Akhirnya tahun 2005, Presiden Susilo Bambang Yudhoyono
memastikan bahwa proyek MRT mesti dijalankan dan menjadi proyek nasional dengan
kesepakatan pembagian tanggung jawab antara pemerintah pusat dengan pemerintah
daerah DKI Jakarta. Setelah proses pendirian PT MRT tahun 2008, desain teknis
dan pengadaan lahan tahun 2009-2010, pengerjaan konstruksi MRT dimulai tahun
2012 di masa kepemimpinan Gubernur DKI Jakarta Fauzi Bowo dengan pembangunan
jalur MRT Fase 1 dari Terminal Lebak Bulus ke Bundaran Hotel Indonesia. Jalur yang
memang menjadi rute yang banyak dilalui kaum urban menuju area perkantoran di
pusat Jakarta.
MRT Fase 1 ini sudah mulai beroperasi sejak tanggal
24 Maret 2019 dengan waktu tempuh 30 menit antara HI dan Lebak Bulus dan waktu
keberangkatan tiap 5-10 menit sekali. Tiketnya pun dibanderol dengan harga yang
terjangkau. Mulai dari Rp. 3.000,- untuk jarak terdekat sampai Rp. 14.000,-
untuk jarak terjauh.
Resmi pula warga Jakarta telah memiliki moda
transportasi dengan mobilitas tinggi. Tidak perlu terjebak dalam kemacetan
Jakarta dan dengan mudahnya terhubung dengan beragam moda transportasi lain,
seperti TransJakarta dan KRL Commuter Line. Demikian pula MRT Fase 2
rute Bundaran HI-Kota dan Fase 3 rute Kalideres-Cempaka Baru diharapkan dapat
beroperasi pada tahun 2024. Ini seperti mimpi yang jadi nyata!

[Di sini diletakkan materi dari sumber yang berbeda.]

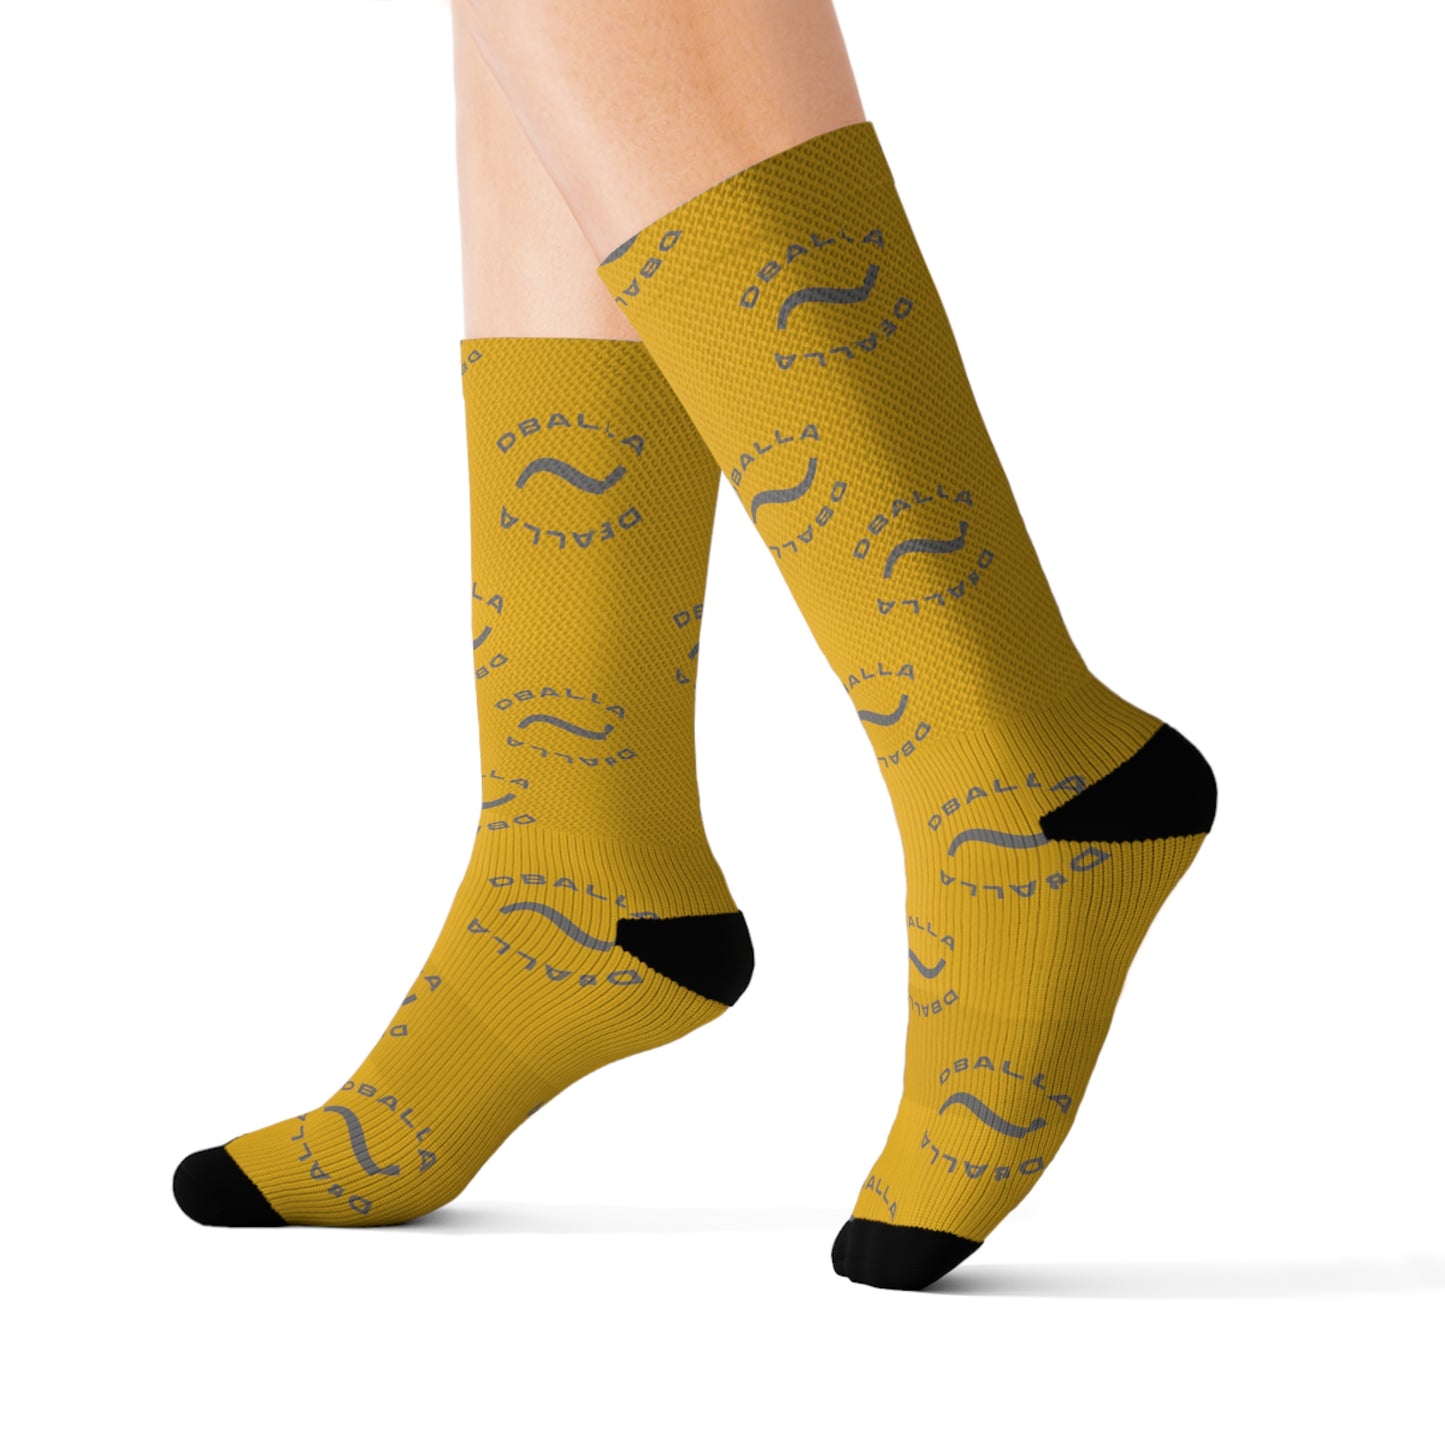 THE FOOTBALLA Socks - Yellow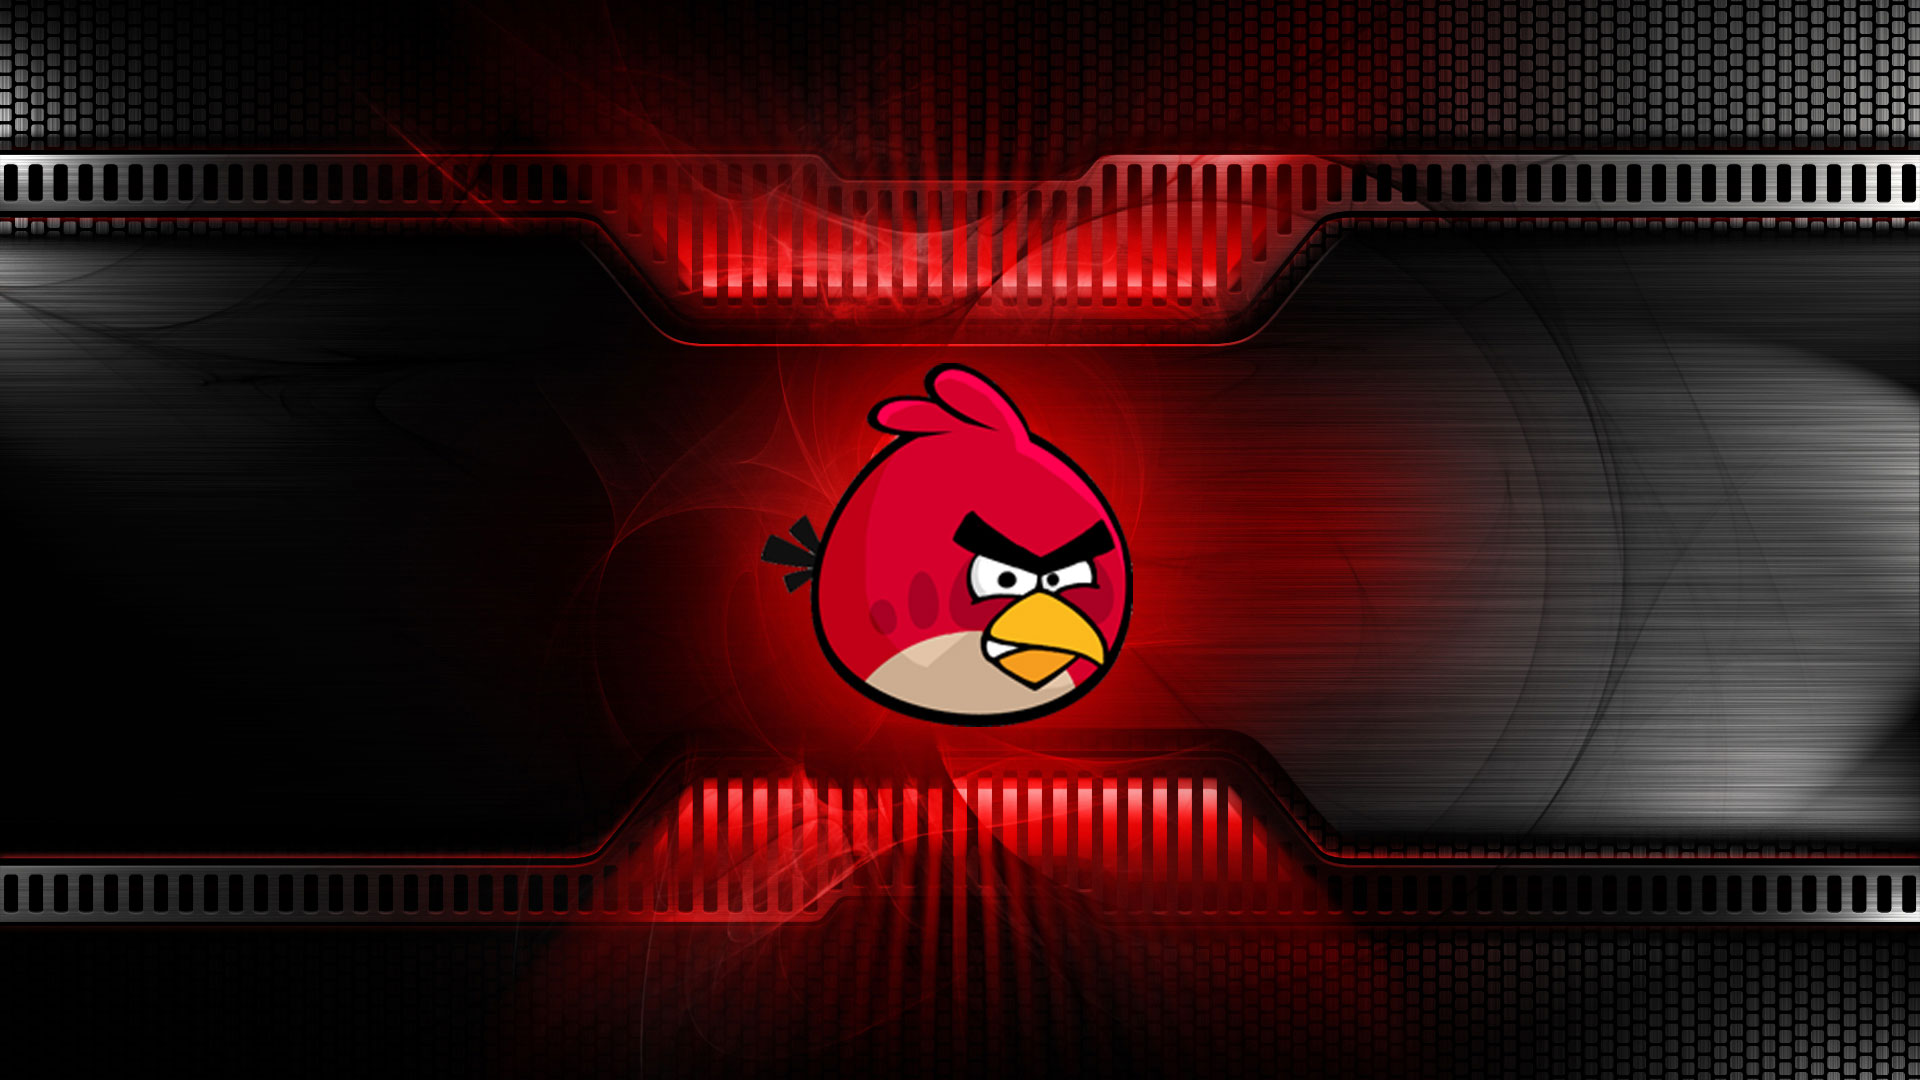 CARTOON RED ANGRY BIRDS DESKTOP BACKGROUND WALLPAPER 1080p - HD

Kemenhub menegaskan bahwa biaya proyek MRT ini jauh lebih
sedikit dibandingkan biaya kerugian akibat kemacetan di Jakarta. Lagipula menteri
perhubungan periode lalu, Budi Karya Sumadi, menegaskan bahwa MRT hanyalah satu
solusi untuk mengatasi kemacetan ibukota, masih akan ada lagi gebrakan lain
termasuk perluasan rute MRT hingga daerah sub urban untuk mengurangi penggunaan
kendaraan pribadi, biang kemacetan selama ini. Semua demi kenyamanan penduduk
dalam melakukan mobilisasi menuju tempat kerja dan tempat mereka beristirahat. “Kemewahan”
MRT inilah yang kiranya akan juga dialami beberapa kota lain di Indonesia,
seperti Bandung, Surabaya, dan Yogyakarta. Semoga!